I haven't dug into it yet, but I think that "starshot" initiative that's been Drupal.org's front page since the last DrupalCon might be aimed at giving people an option without the rough edges.

Personally, if Wordpress handled security alerts with plugins the way Drupal does, and if they did a better job of keeping bad code out of plugins (why can a theme implement a form?? At least that was the case years ago. Has it changed?) I'd give WP a serious look again.

b3ing 13 hours ago

Drupal peaked in like 2009. It’s mostly built by “click monkeys”, as you can do a lot by clicking around the UI to build stuff. But it’s old and even the founder abandoned it long ago around 2012.

people use it because they didn’t learn anything else and It still has hype from those early days (2005-2009).

It was also a nightmare upgrading the versions of it. It faded out of popularity with most people for a reason.

There are better options today and even 10 years ago and not just Wordpress.

  • zengenuity an hour ago

    > But it’s old and even the founder abandoned it long ago around 2012.

    Dries is still using Drupal. Here is his personal blog, where he discusses updating to Drupal 11: https://dri.es/drupal-11-released

    Dries is the founder of Acquia, whose products are all based on or related to running Drupal websites.

    Dries was the keynote speaker at DrupalCon Barcelona last month, where he discussed the new features currently under development in Drupal: https://www.youtube.com/watch?v=Wce6FkNN2Io

    > It was also a nightmare upgrading the versions of it.

    This was an issue prior to version 8. All major versions since then have been directly upgradable. It usually takes me 2-3 hours to do a major version upgrade. Maybe a few more if there's a lot of custom code.

  • bentocorp 12 hours ago

    > It’s mostly built by “click monkeys”, as you can do a lot by clicking around the UI to build stuff.

    Isn't this an almost perfect description of WordPress? It hasn't seemed to have done any harm if that's the case.

    > But it’s old and even the founder abandoned it long ago around 2012.

    Are you sure? On drupal.org right now one of the main links is one of the founders in a keynote video presenting the newest version.

botto 16 hours ago

The delta going from Wordpress to Drupal is quite big, it's been few years, but I remeber quotes for Drupal 8 projects being a few times larger than quotes for Wordpress based projects.

talldayo 16 hours ago

Most WordPress customers aren't so much locked into "WordPress", the application, but rather a provider of WordPress with a custom CMS. Unless their provider switches, they aren't really enabled to consciously protest WordPress.

This goes for both WP Engine and Automattic. Could be the reason why both are comfortable going nuclear on each other - they know their users don't have an easy alternative.

  • Kye 14 hours ago

    >> "Could be the reason why both are comfortable going nuclear on each other - they know their users don't have an easy alternative."

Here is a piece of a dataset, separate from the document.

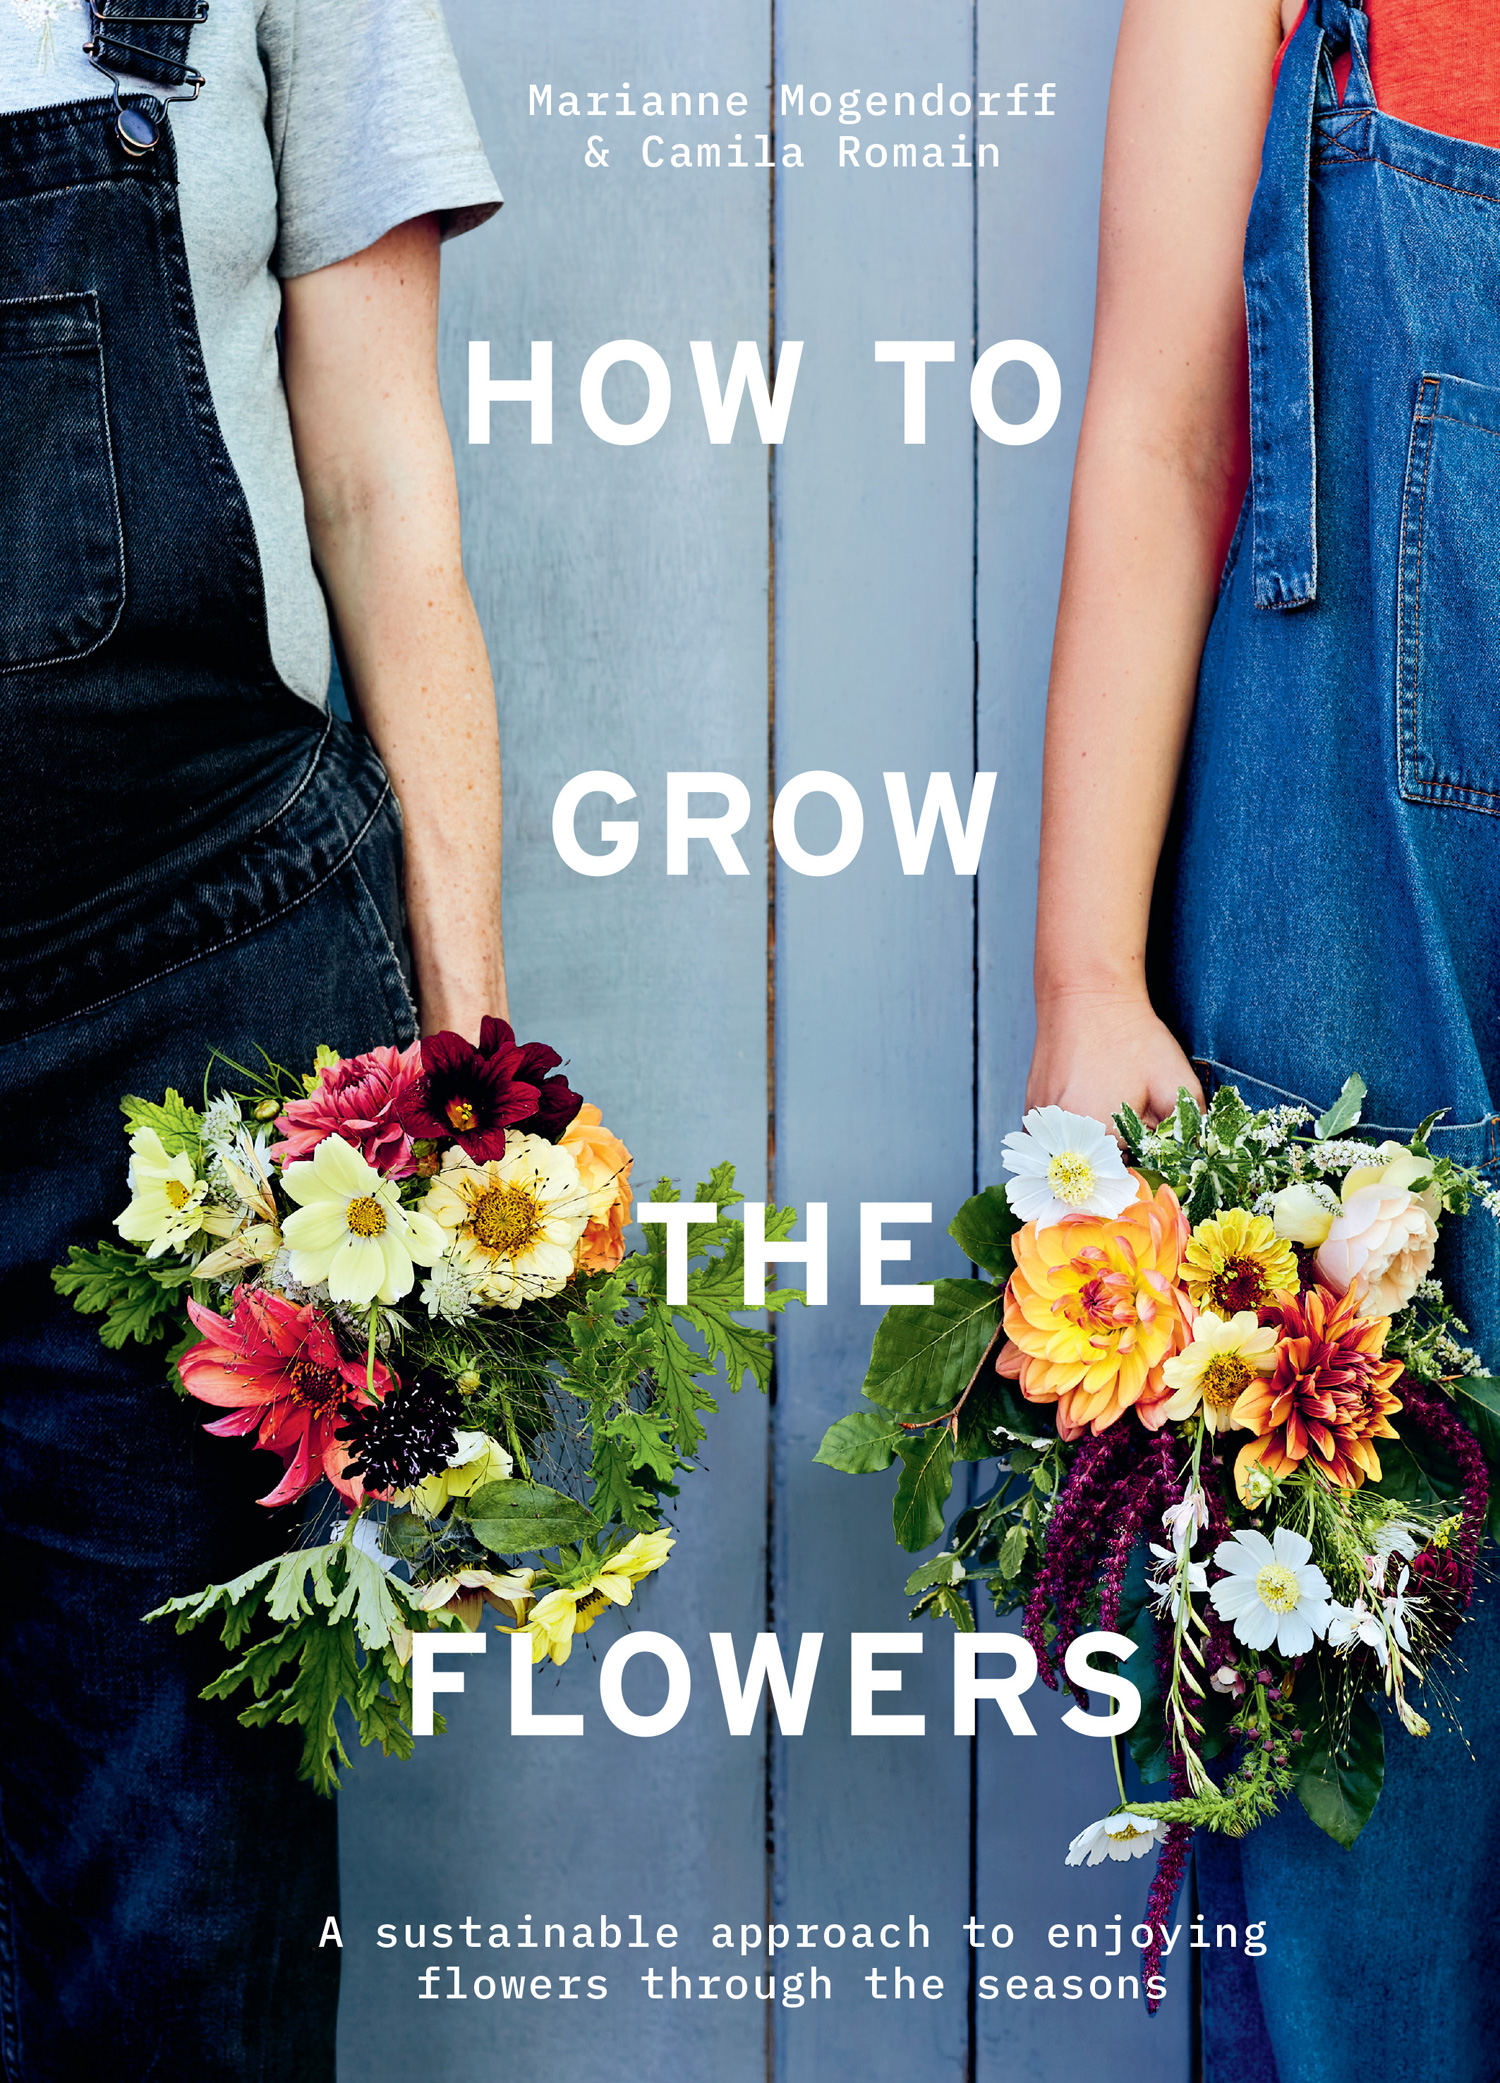 A Little Bird - How To Grow The Flowers

    I've followed this from the start and as best as I can tell Automattic is the only side that went nuclear. WP Engine sent a C&D, then filed a lawsuit when the attacks persisted, and seems to have gone quiet since then aside from responding to the takeover of ACF.

    WP Engine's response is how I expect a professionally-run organization to handle things: address technical issues as they pop up while continuing to provide the service people pay for, but otherwise quietly wait for the trial. Meanwhile there's a new bomb lobbed from Matt Mullenweg 1-2 times a day at WP Engine, the WordPress community, individual contributors, or some combination while Automattic employees are out doing the work of a PR department.